Doob's Lagrangian: A Sample-Efficient Variational Approach to Transition Path Sampling

TL;DR

This paper introduces a variational, sample-efficient method for transition path sampling in dynamical systems, reducing computational costs and improving feasibility in complex molecular and protein folding scenarios.

Contribution

It formulates Doob's h-transform as a variational optimization problem with a novel simulation-free training approach, enhancing efficiency over traditional methods.

Findings

Successfully finds transition paths in molecular simulations.

Reduces reliance on expensive trajectory simulations.

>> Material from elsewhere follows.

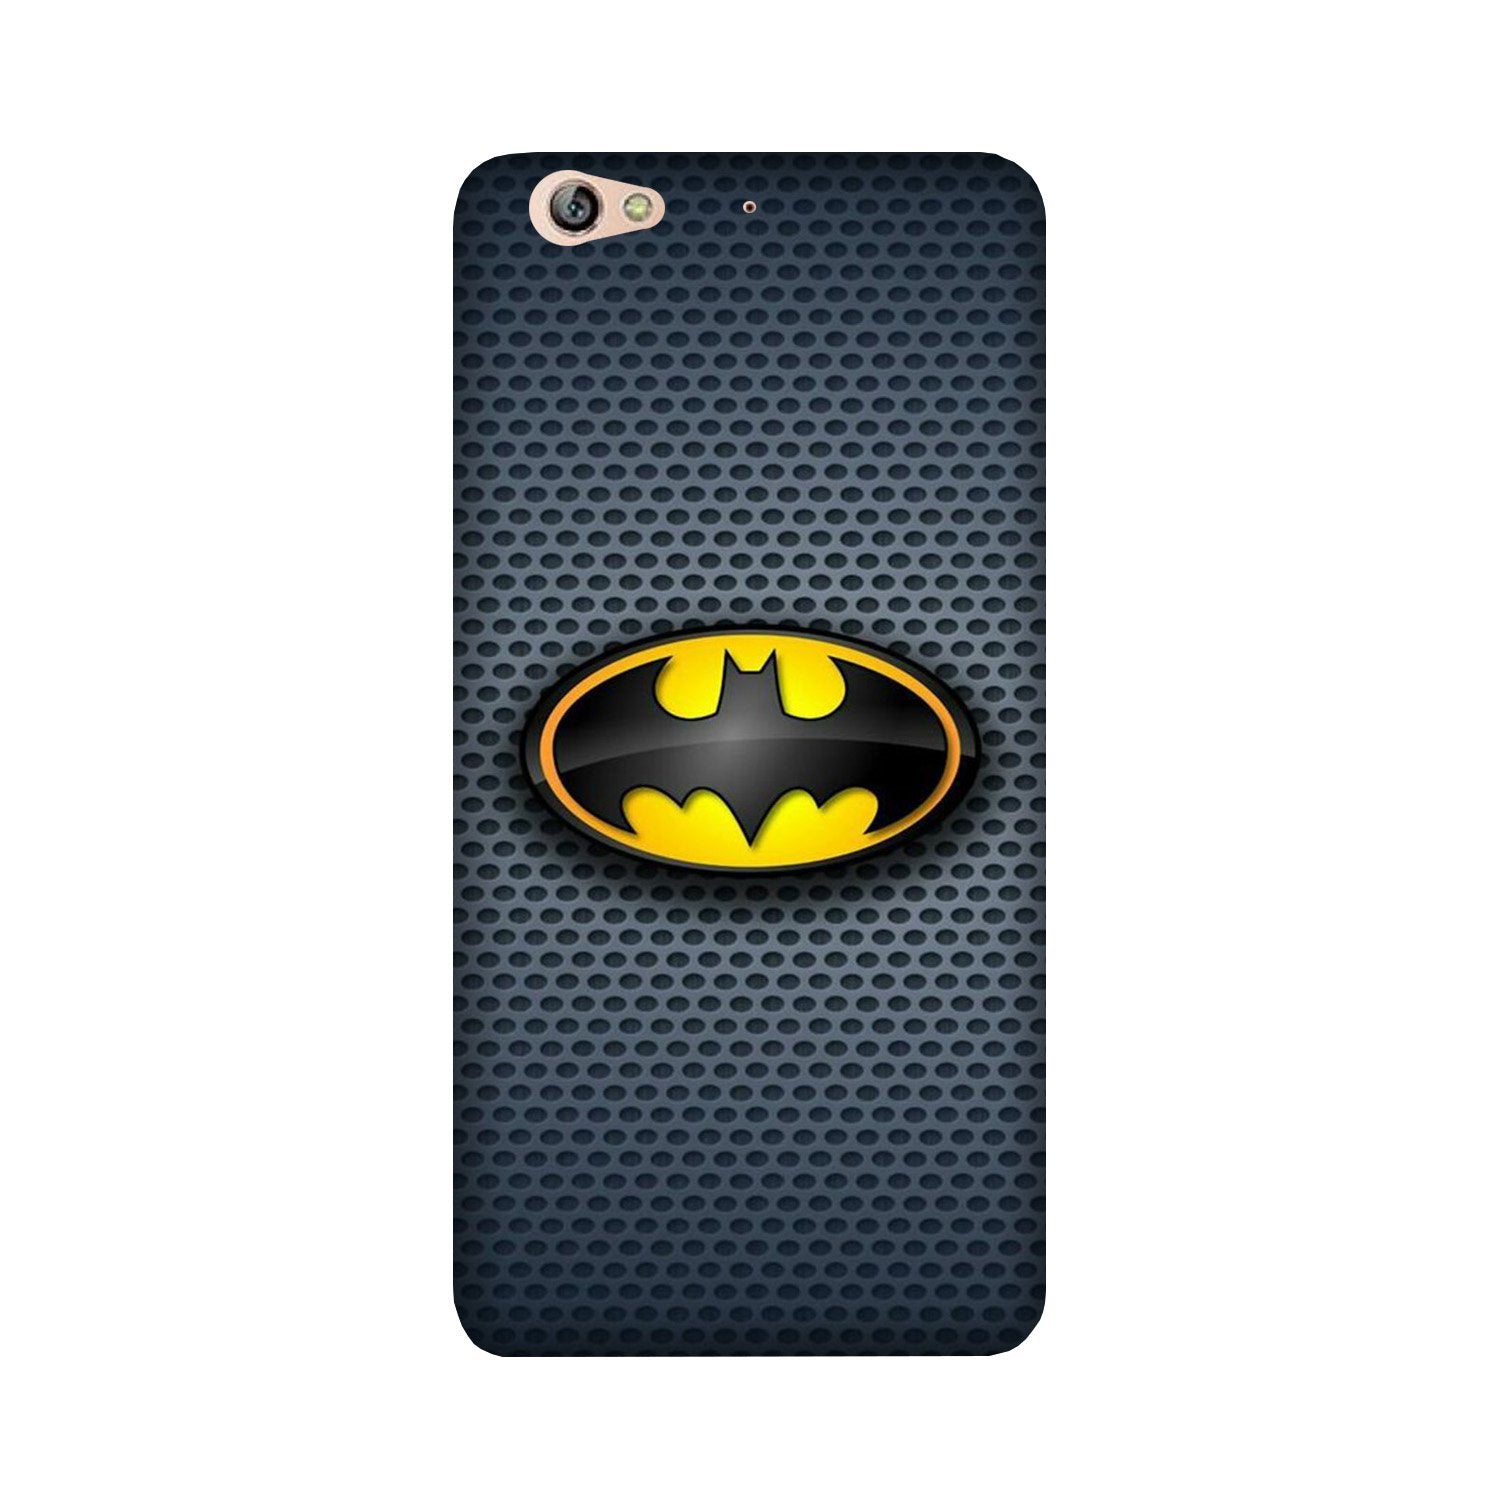 Batman Case for Gionee S6 (Design No. 244)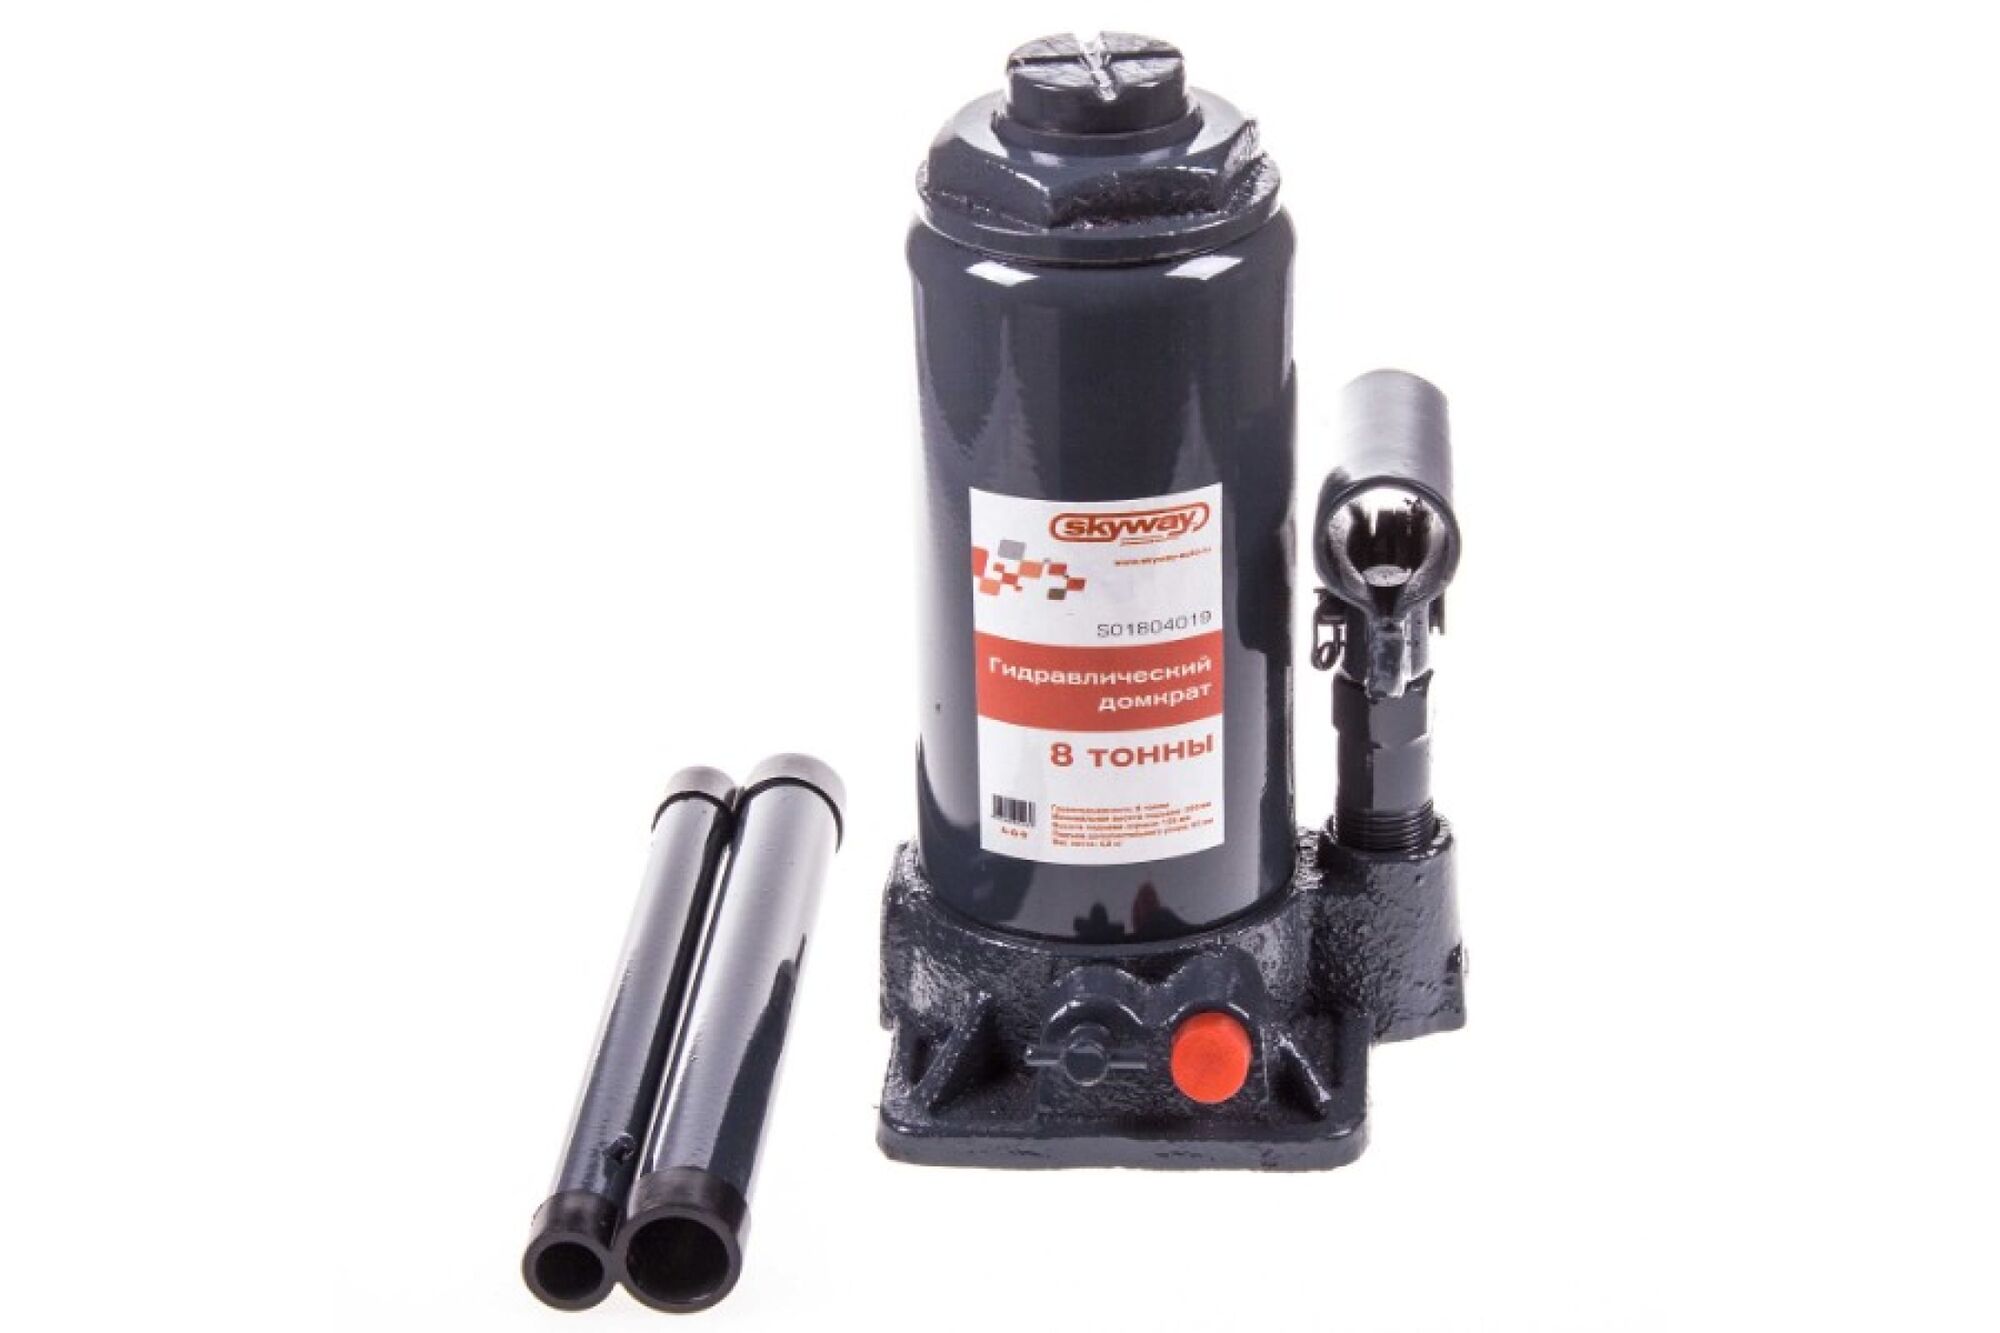 Гидравлический бутылочный домкрат SKYWAY 8 т h 200-385 мм с клапаном в коробке S01804019

Demonstrates effectiveness in protein folding tasks.

Abstract

Rare event sampling in dynamical systems is a fundamental problem arising in the natural sciences, which poses significant computational challenges due to an exponentially large space of trajectories. For settings where the dynamical system of interest follows a Brownian motion with known drift, the question of conditioning the process to reach a given endpoint or desired rare event is definitively answered by Doob's h-transform. However, the naive estimation of this transform is infeasible, as it requires simulating sufficiently many forward trajectories to estimate rare event probabilities. In this work, we propose a variational formulation of Doob's h-transform as an optimization problem over trajectories between a given initial point and the desired ending point. To solve this optimization, we propose a simulation-free training objective with a model parameterization that imposes the desired boundary conditions by design. Our approach significantly reduces the search space over trajectories and avoids expensive trajectory simulation and inefficient importance sampling estimators which are required in existing methods. We demonstrate the ability of our method to find feasible transition paths on real-world molecular simulation and protein folding tasks.